Give the listing below again exactly, but without any of its pictures.

*Data*:
------
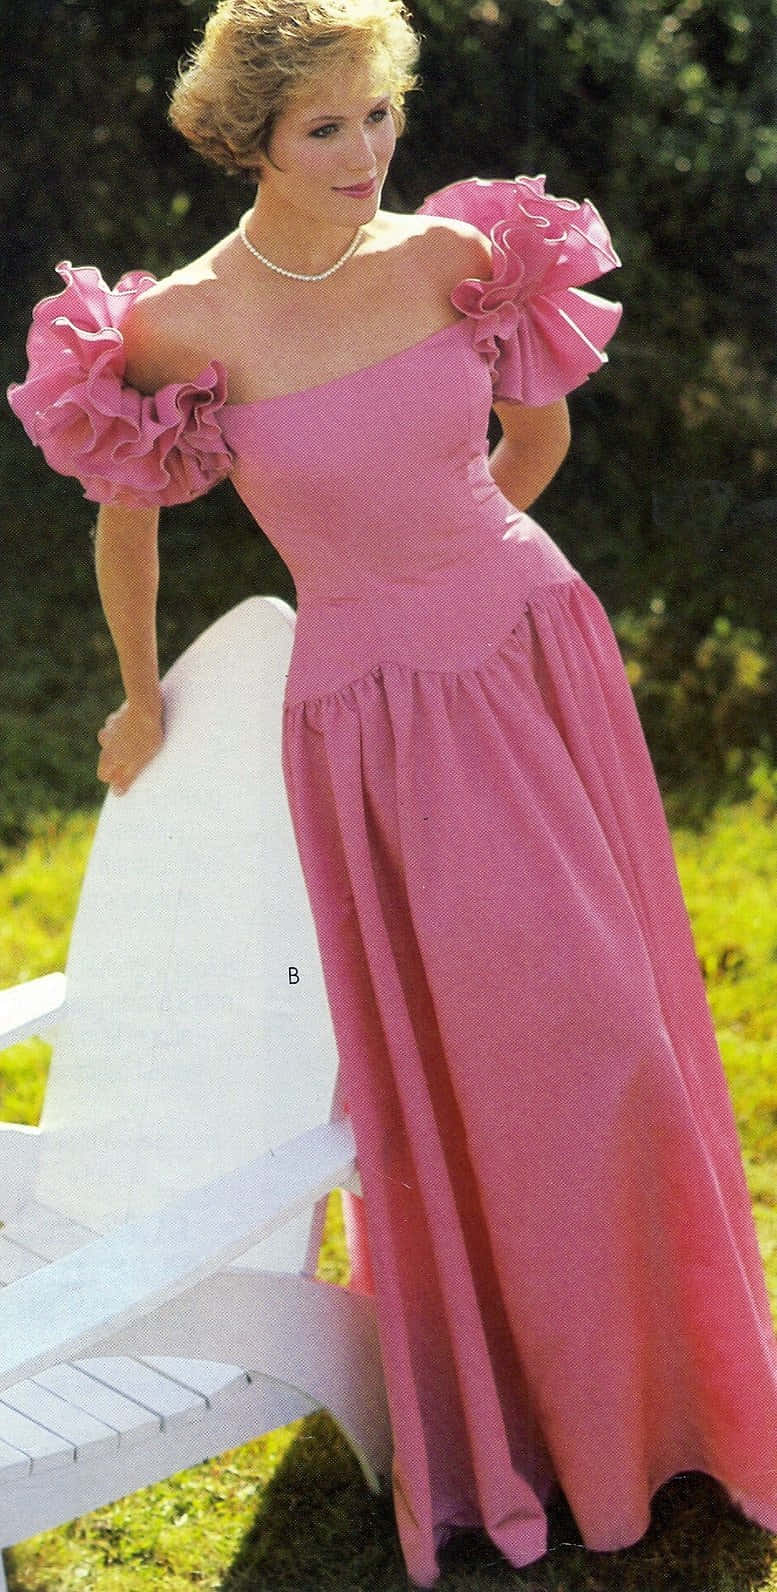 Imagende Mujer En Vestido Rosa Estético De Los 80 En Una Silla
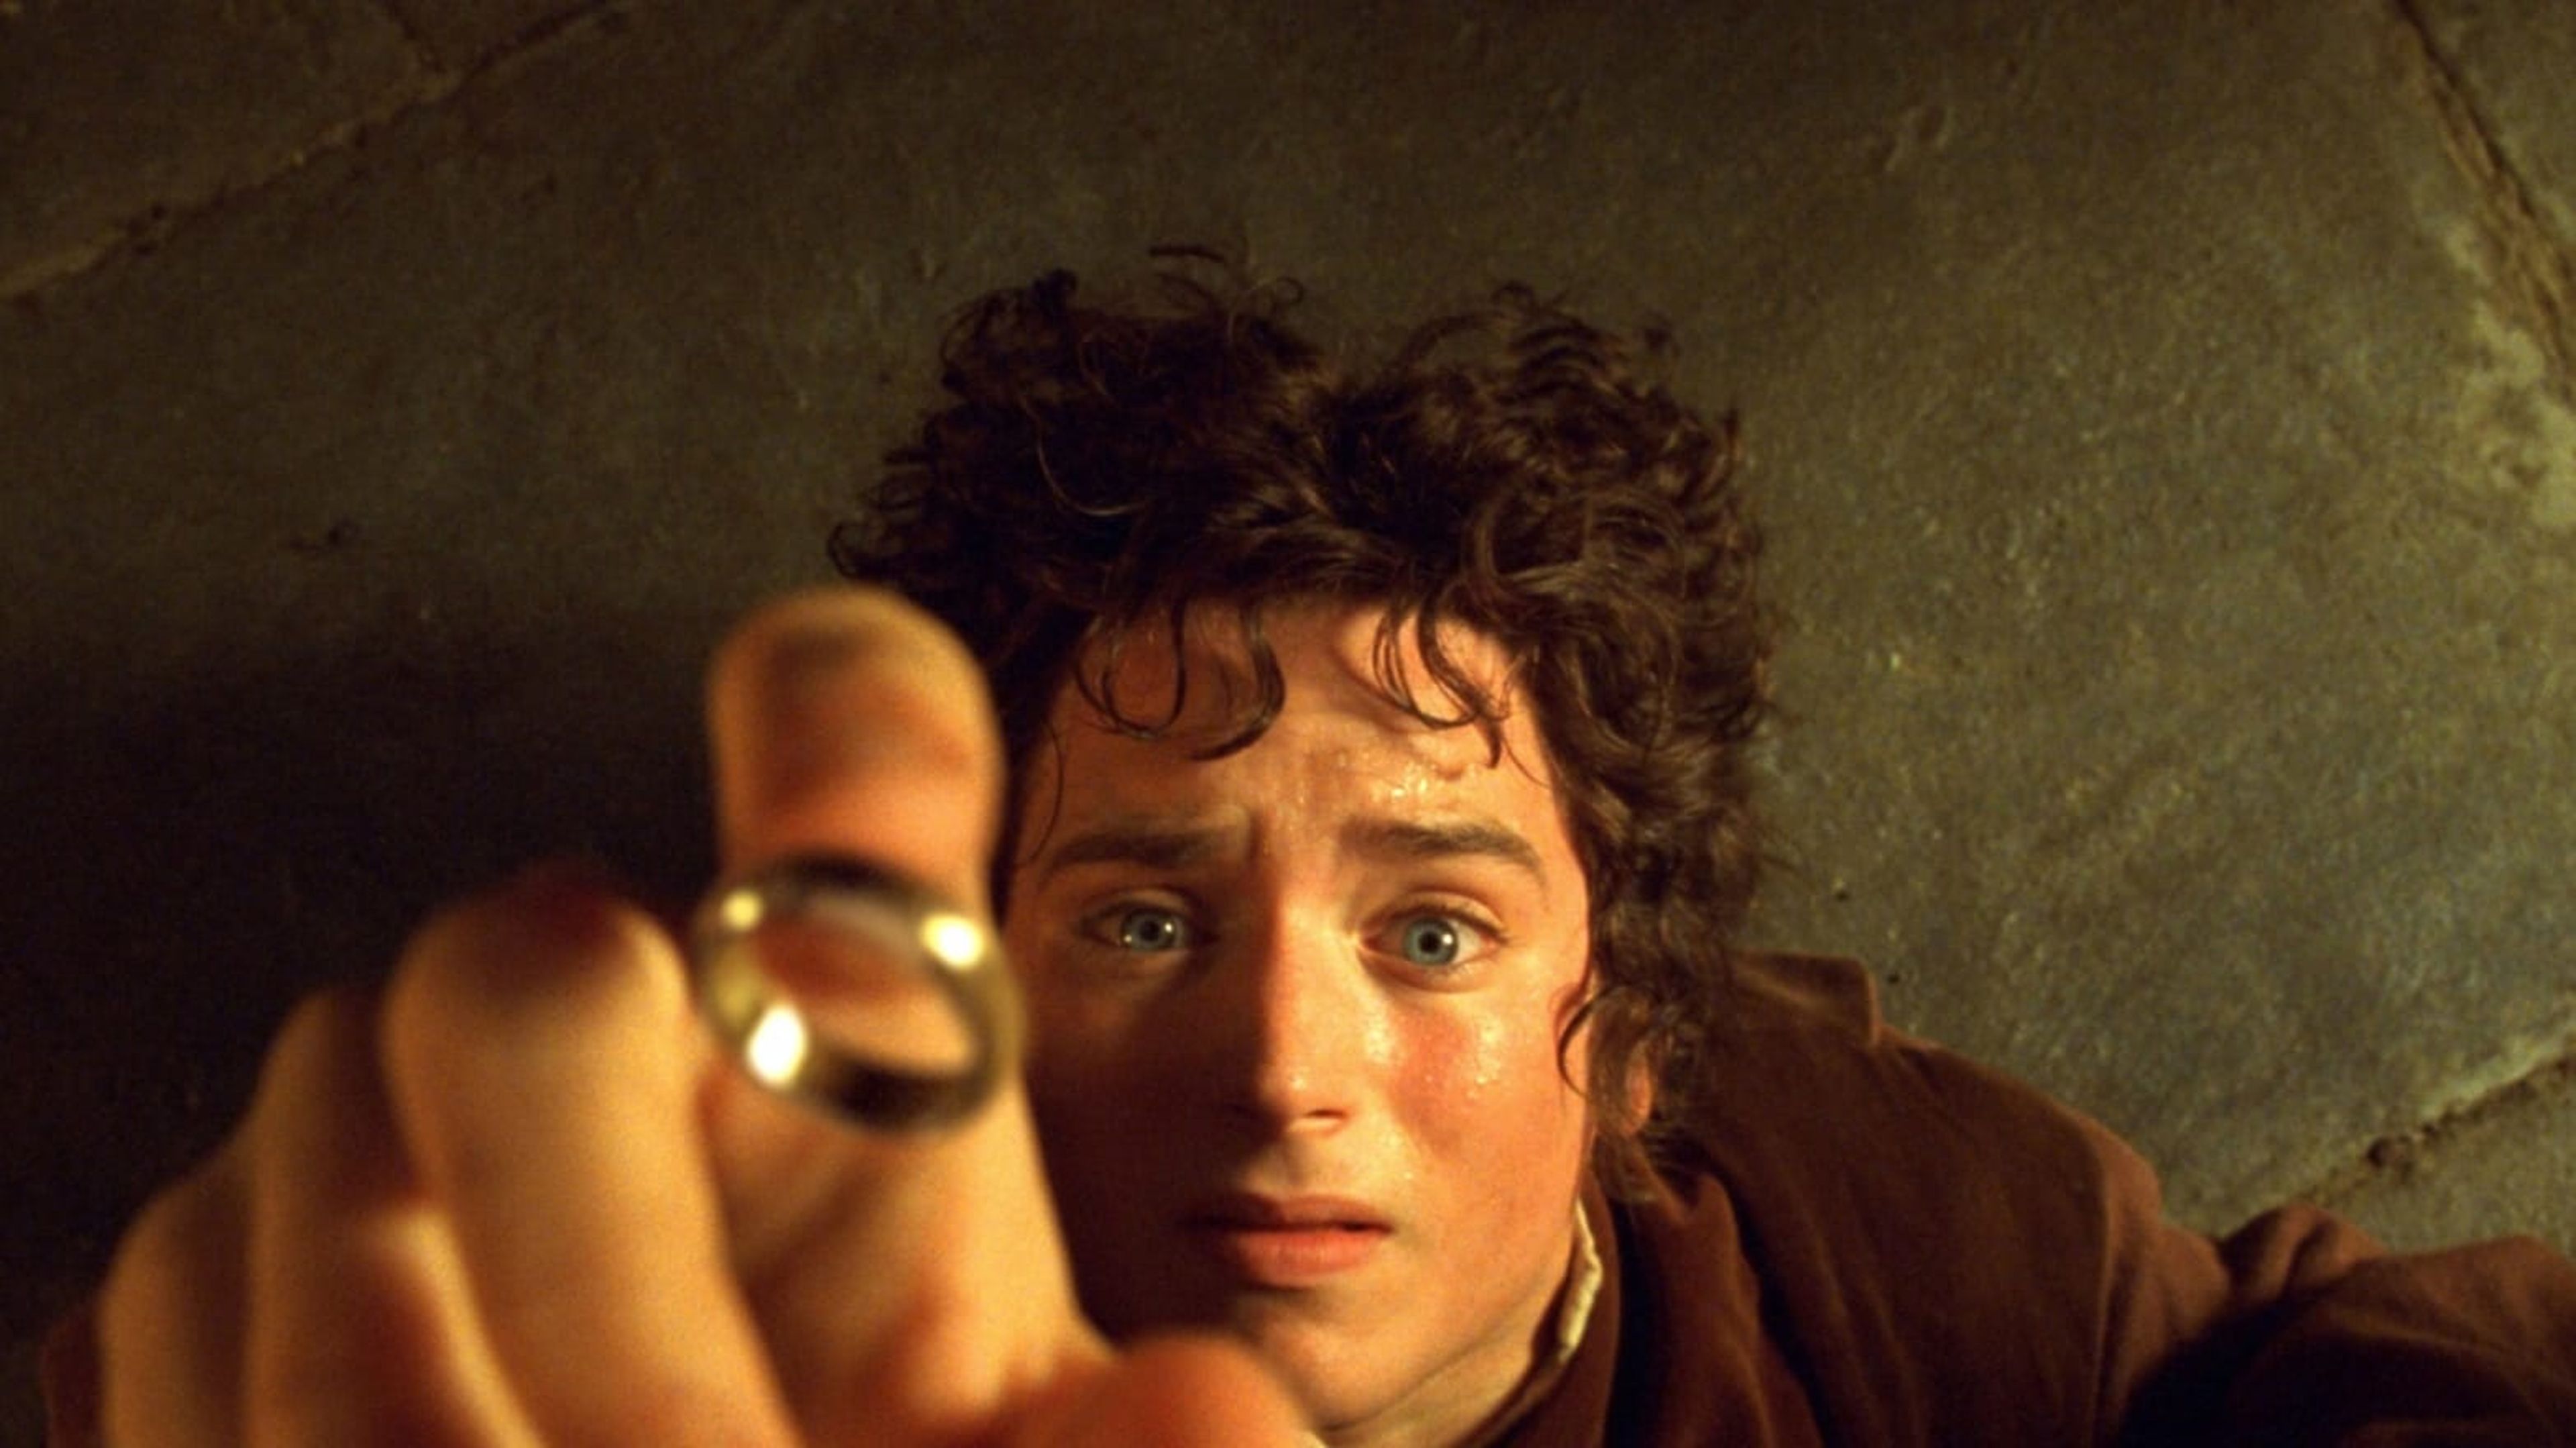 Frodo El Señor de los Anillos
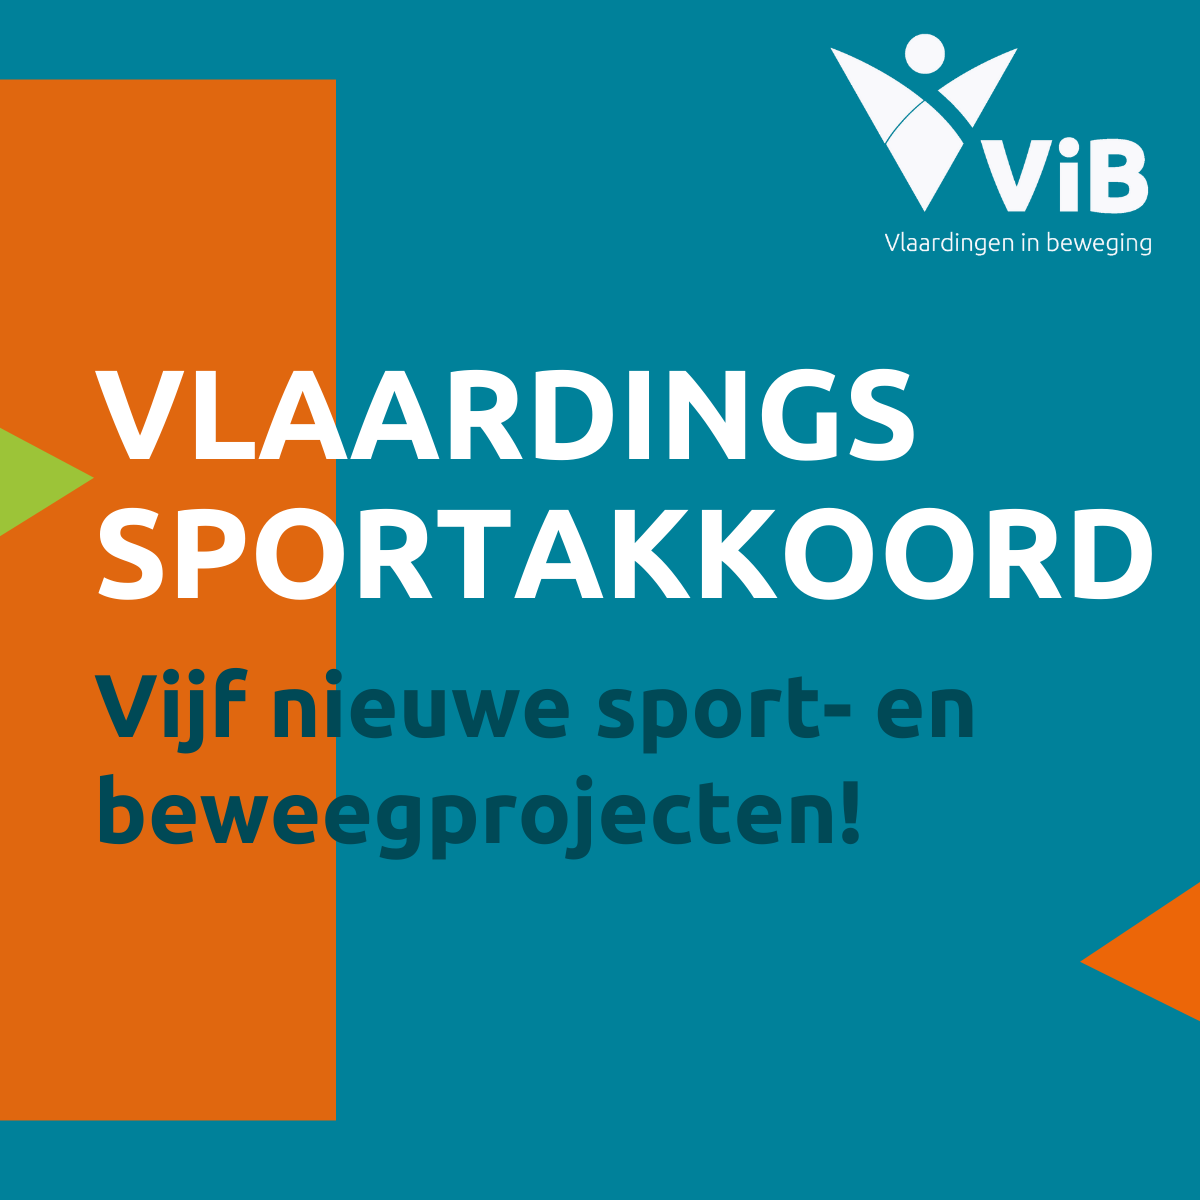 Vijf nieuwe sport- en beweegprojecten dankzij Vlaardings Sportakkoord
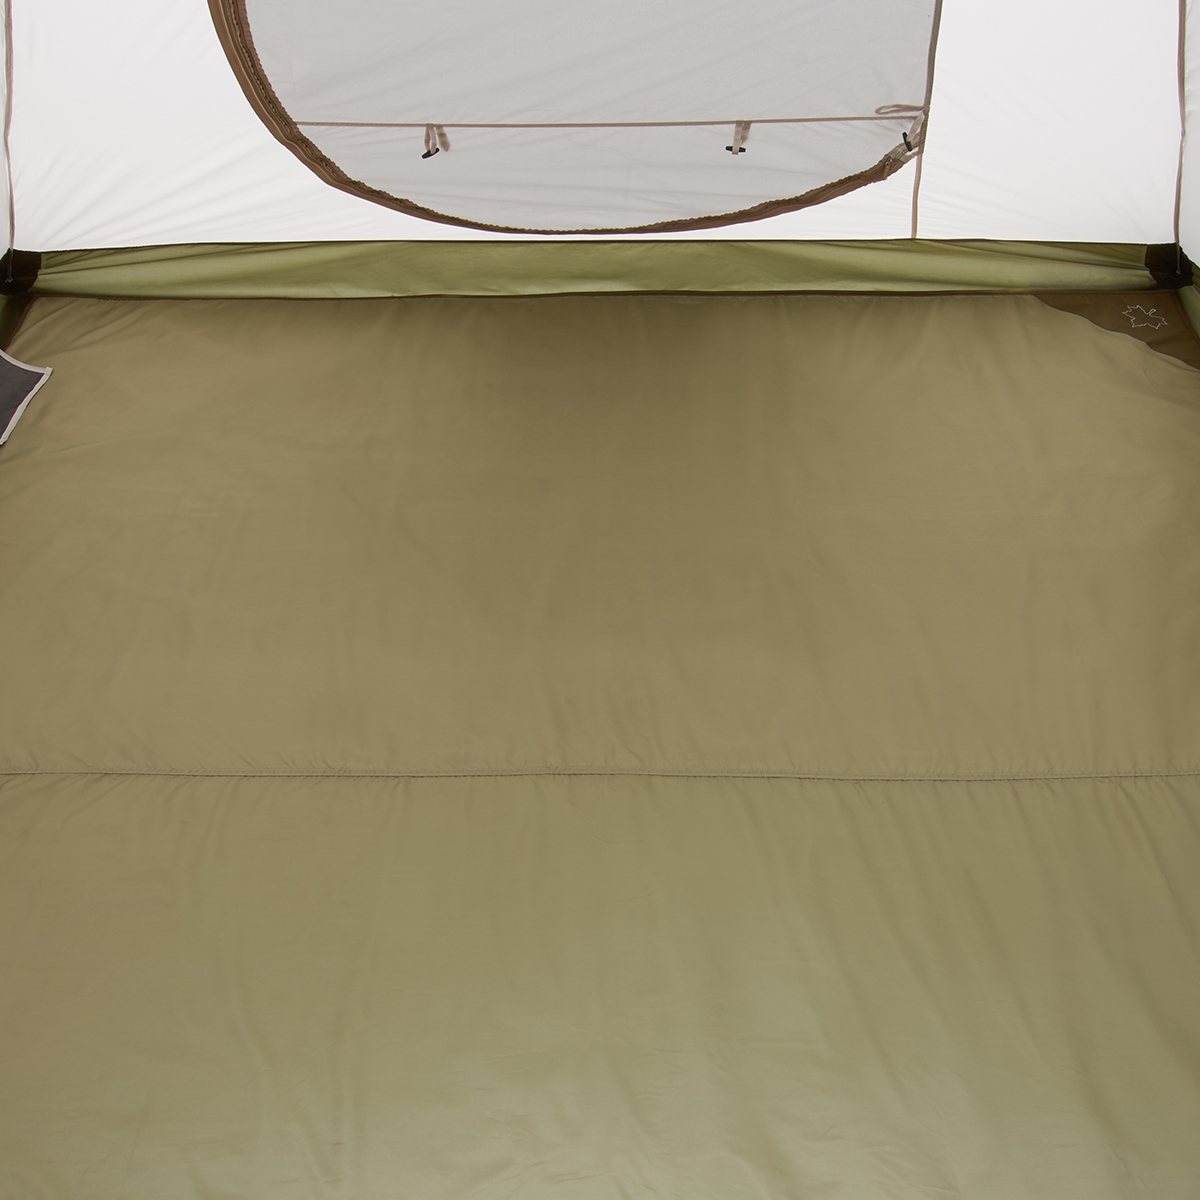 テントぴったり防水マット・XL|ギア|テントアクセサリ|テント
------
*Output for this task*:
 Imagende Mujer En Vestido Rosa Estético De Los 80 En Una Silla
 Frodo El Señor de los Anillos
 Vijf nieuwe sport- en beweegprojecten dankzij Vlaardings Sportakkoord
 テントぴったり防水マット・XL|ギア|テントアクセサリ|テント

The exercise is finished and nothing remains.